Je n’ai jamais envoyé autant de lettres à aucun autre correspondant, car elle était la meilleure parmi des êtres humains sélectionnés et précieux. Si vous comptez, cela fait 52 lettres sur quatre mois, soit une tous les 40 heures environ si mes calculs sont corrects pour une période de 93 jours. Ses messages m’ont aidé à construire une oasis de calme et de raison dans un monde de plus en plus intolérant, et je lui en serai toujours reconnaissant. Je ne peux m’empêcher de ressentir une dette envers Pita, et comme je ne suis pas du genre à ignorer mes dettes ou mes promesses, je devrai emprunter le chemin long et sinueux pour la remercier correctement de la bénédiction qu’elle a été pour mon existence si tendue.
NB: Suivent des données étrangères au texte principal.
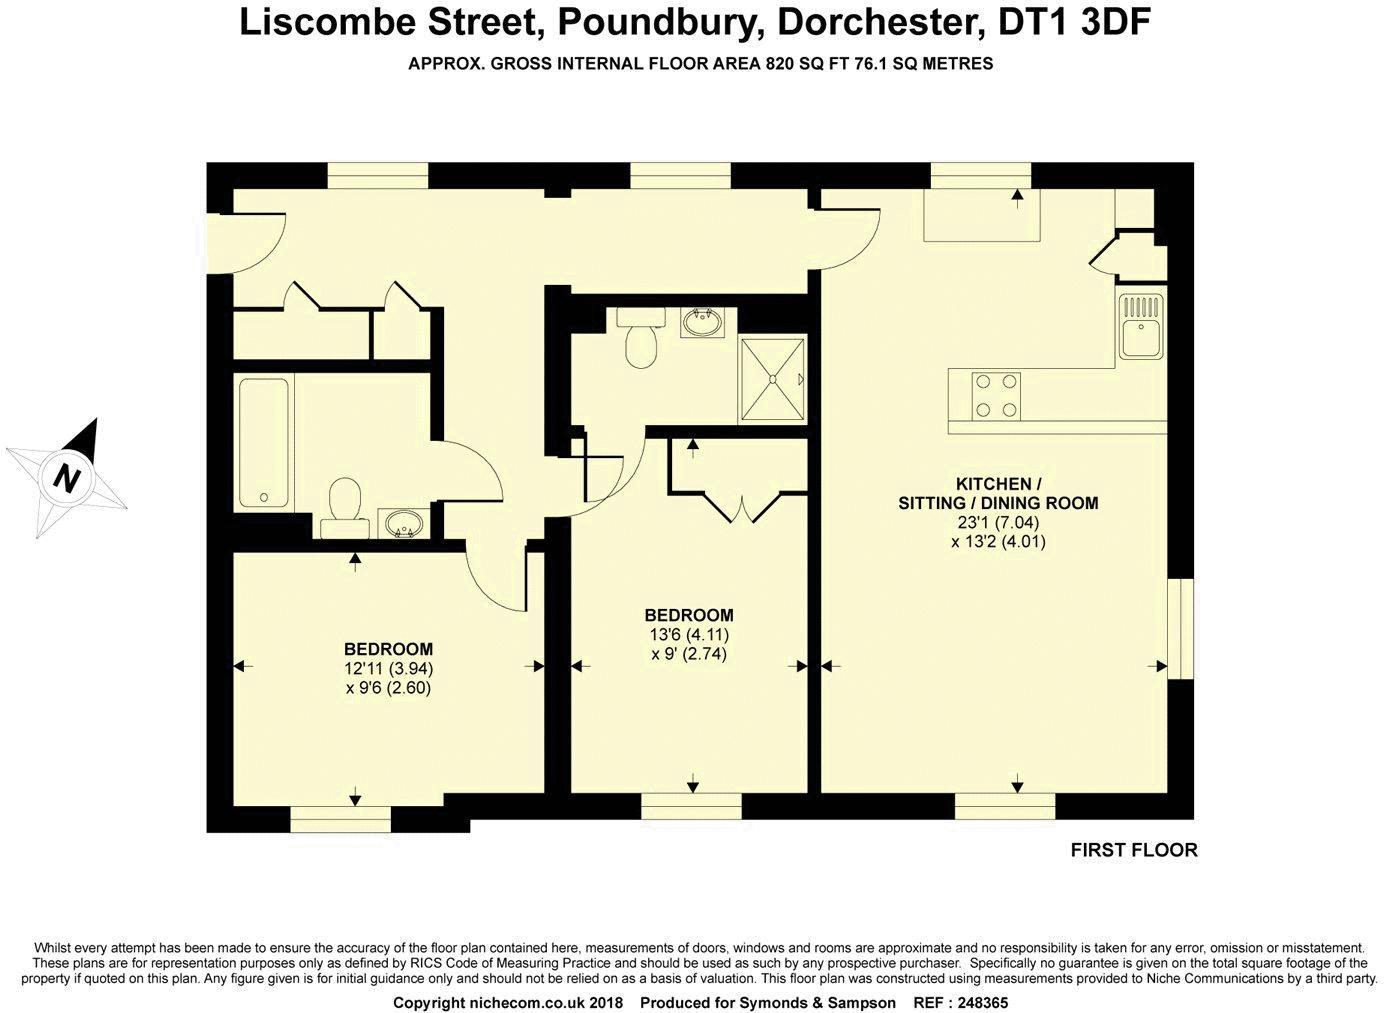 1 Liscombe Street Poundbury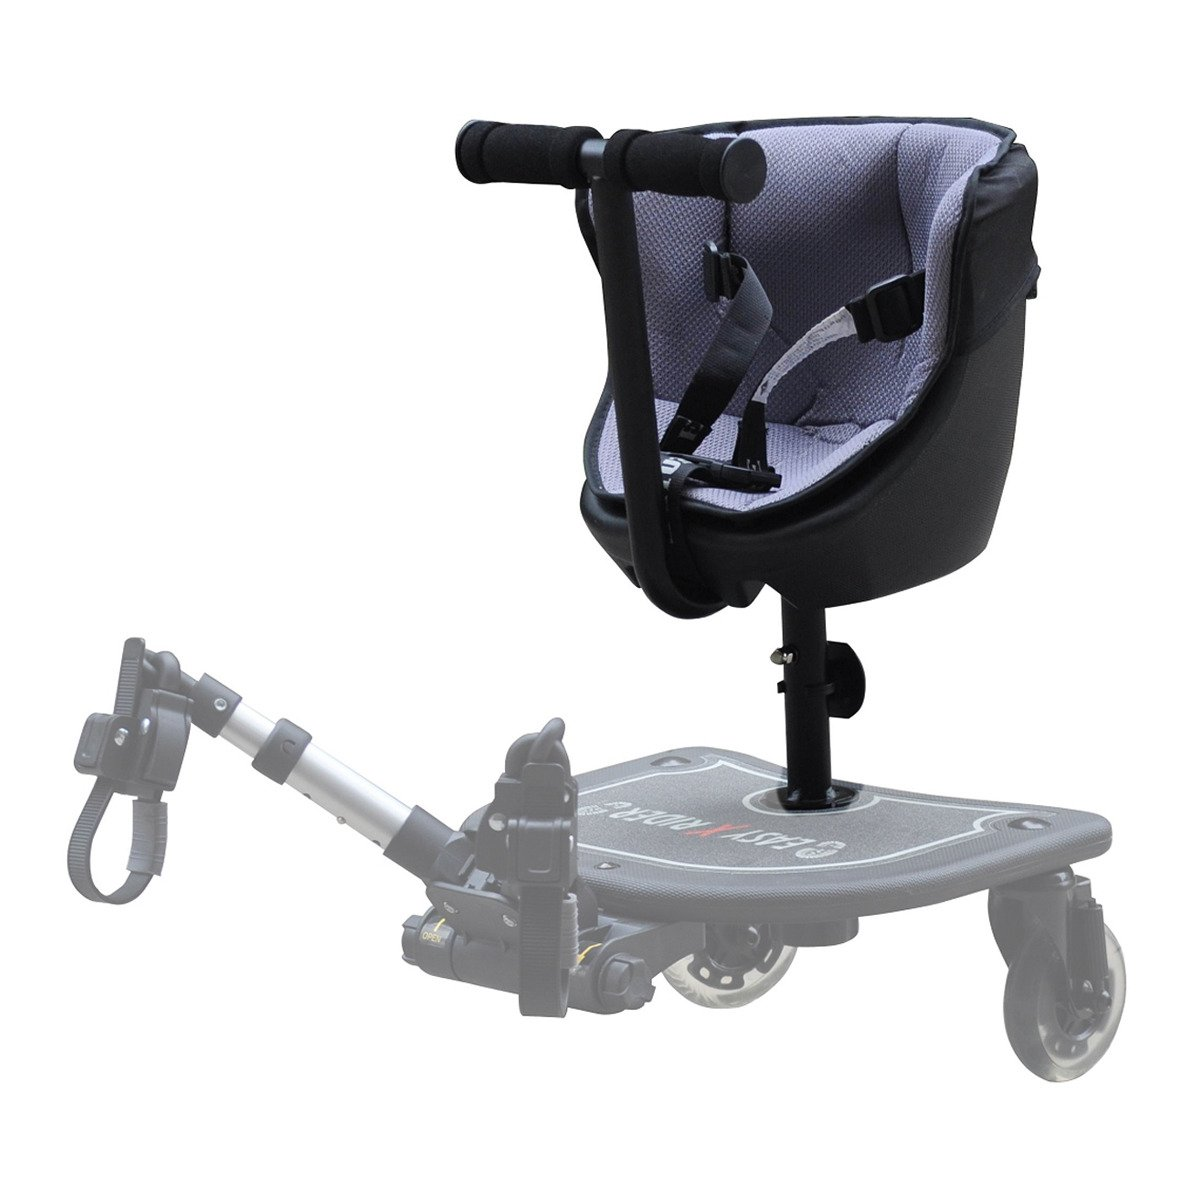 Asiento Para Patinete Easy X Rider para carro - Negro -

Le 27 février, alors que le Chili commémorait le 10e anniversaire du tremblement de terre dévastateur – 8,8 Richter, IX Mercalli – qui avait détruit une grande partie du pays, tué 525 personnes et causé plus de 30 milliards de dollars de dommages, j’ai ouvert l’application et j’ai failli perdre pied, mais pas à cause d’une secousse commémorative. J’ai remarqué que son icône avait une bordure grise ; elle avait désactivé son compte, ce qui signifiait que je ne pouvais plus lui envoyer de lettres. Notre dernier contact remontait à 18 jours – ma réponse à son dernier message. Mon esprit est entré en surrégime, pensant à ce qui avait pu la pousser à prendre une telle mesure… sans explication tangible jusqu’à ce jour. Peut-être que je ne saurai jamais les raisons de son départ de Slowly, mais alors que mon incrédulité initiale s’est apaisée, je sais que je porterai les bons moments partagés avec elle jusqu’à ma tombe. Un fait, cependant, ne peut être contesté par aucune carte : son absence a laissé un vide immense dans mon esprit, un vide quasi impossible à combler, sauf par un miracle majeur.
Où que tu sois maintenant, chère Pita, sois assurée que je te garderai toujours comme la meilleure correspondante de toutes. Bon voyage, mon amie, et que ta vie soit désormais remplie uniquement de succès et de bonheur.